# Exercise inputs
◇ ◇ ◇ ◇ ◇ ◇ ◇

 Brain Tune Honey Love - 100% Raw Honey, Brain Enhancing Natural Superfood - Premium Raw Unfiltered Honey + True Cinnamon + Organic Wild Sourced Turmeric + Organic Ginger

◇ ◇ ◇ ◇ ◇ ◇ ◇

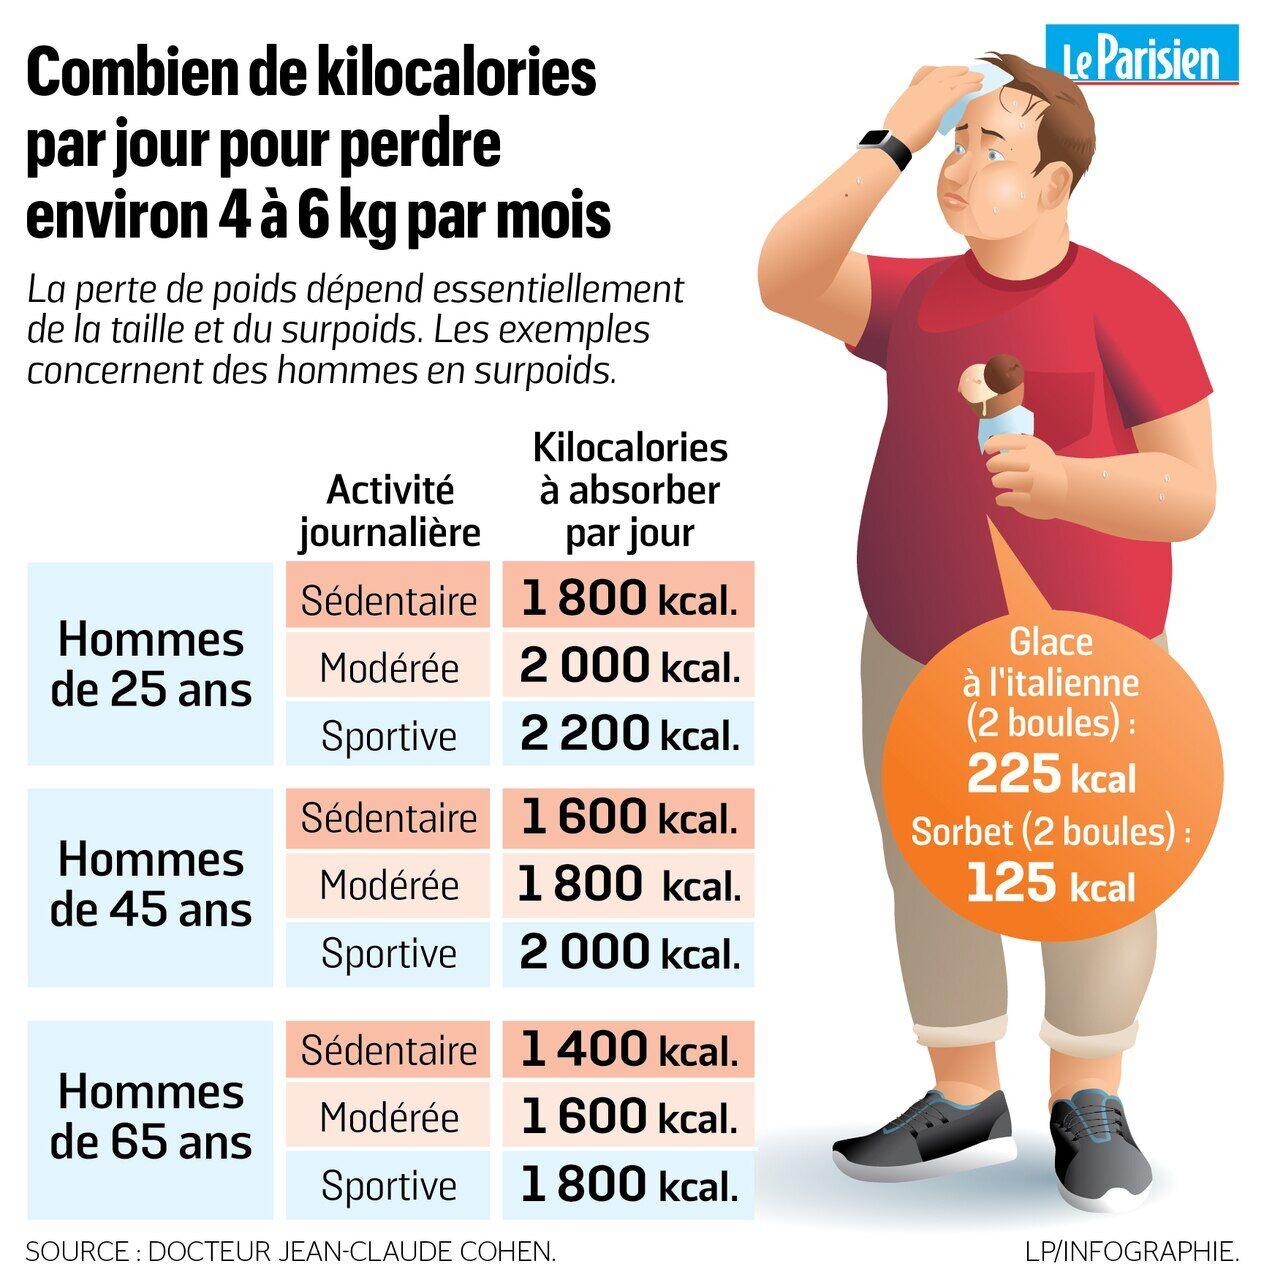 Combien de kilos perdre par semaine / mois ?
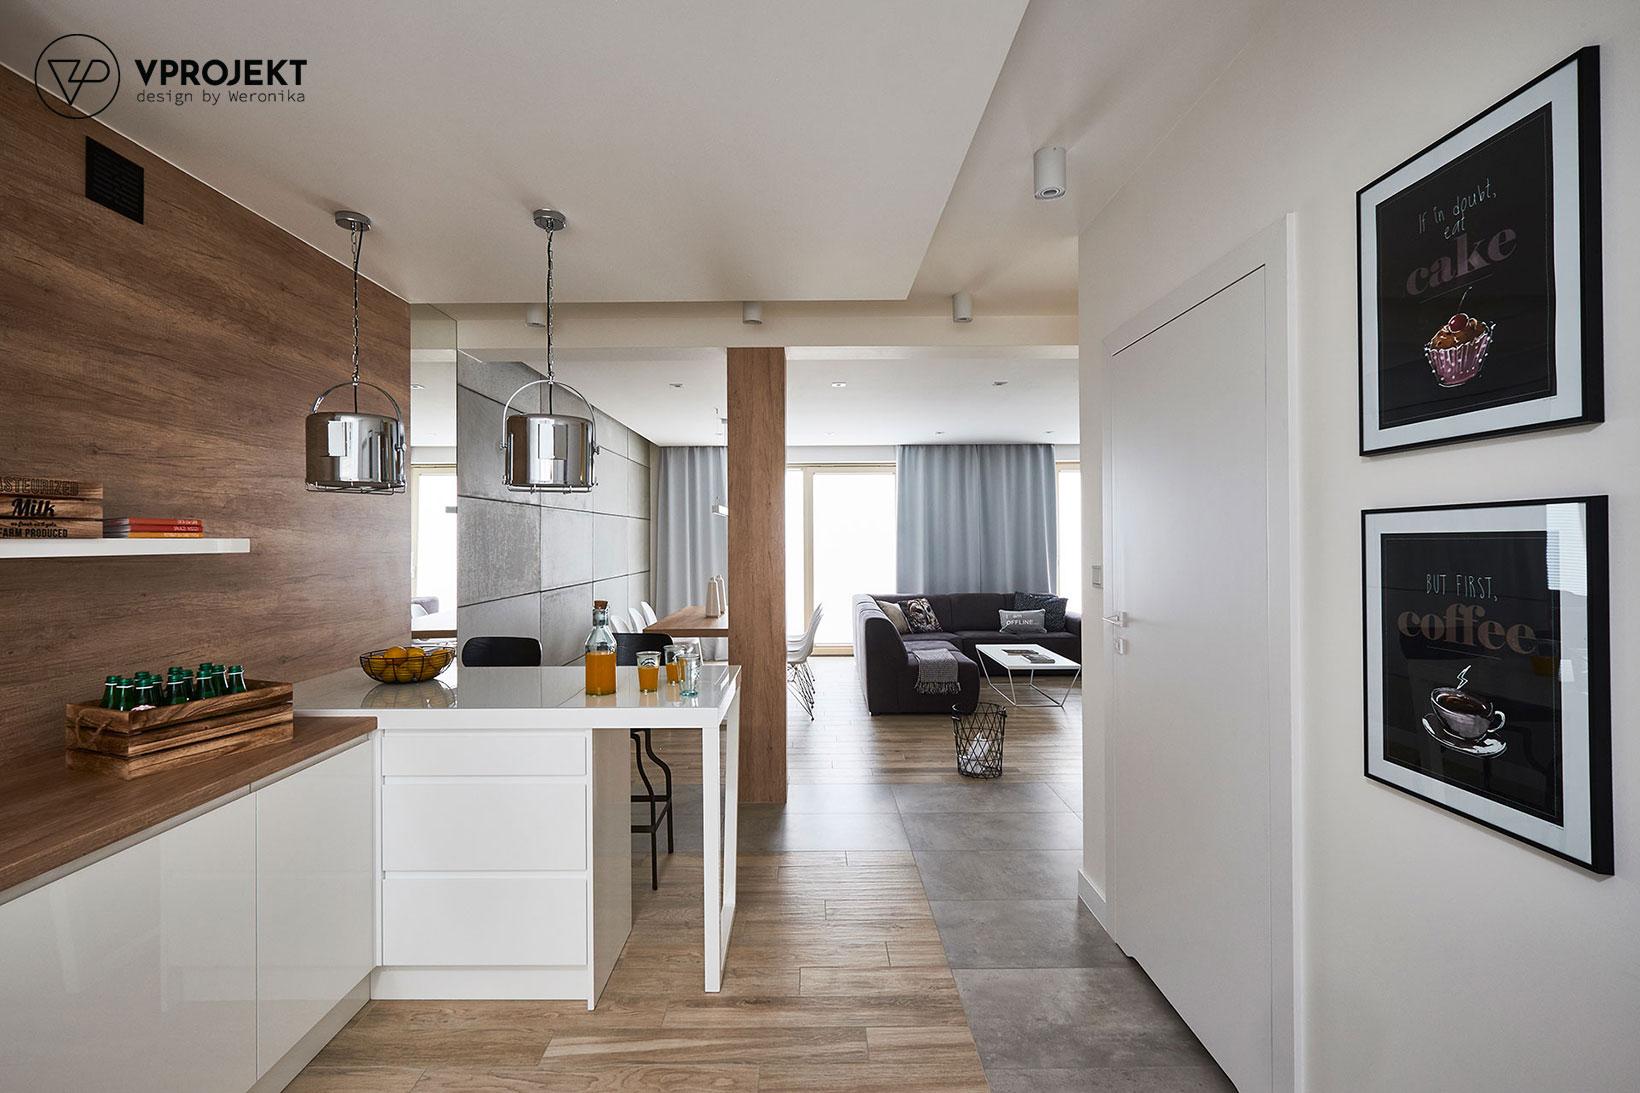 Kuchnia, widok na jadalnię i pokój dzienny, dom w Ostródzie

◇ ◇ ◇ ◇ ◇ ◇ ◇

# Task prompt
In the listing above, find the line with "Combien de kilos perdre par semaine / mois ?" and the line with "Kuchnia, widok na". Set down exactly those lines and everything between them, skipping pictures.

# Written response
 Combien de kilos perdre par semaine / mois ?
 Kuchnia, widok na jadalnię i pokój dzienny, dom w Ostródzie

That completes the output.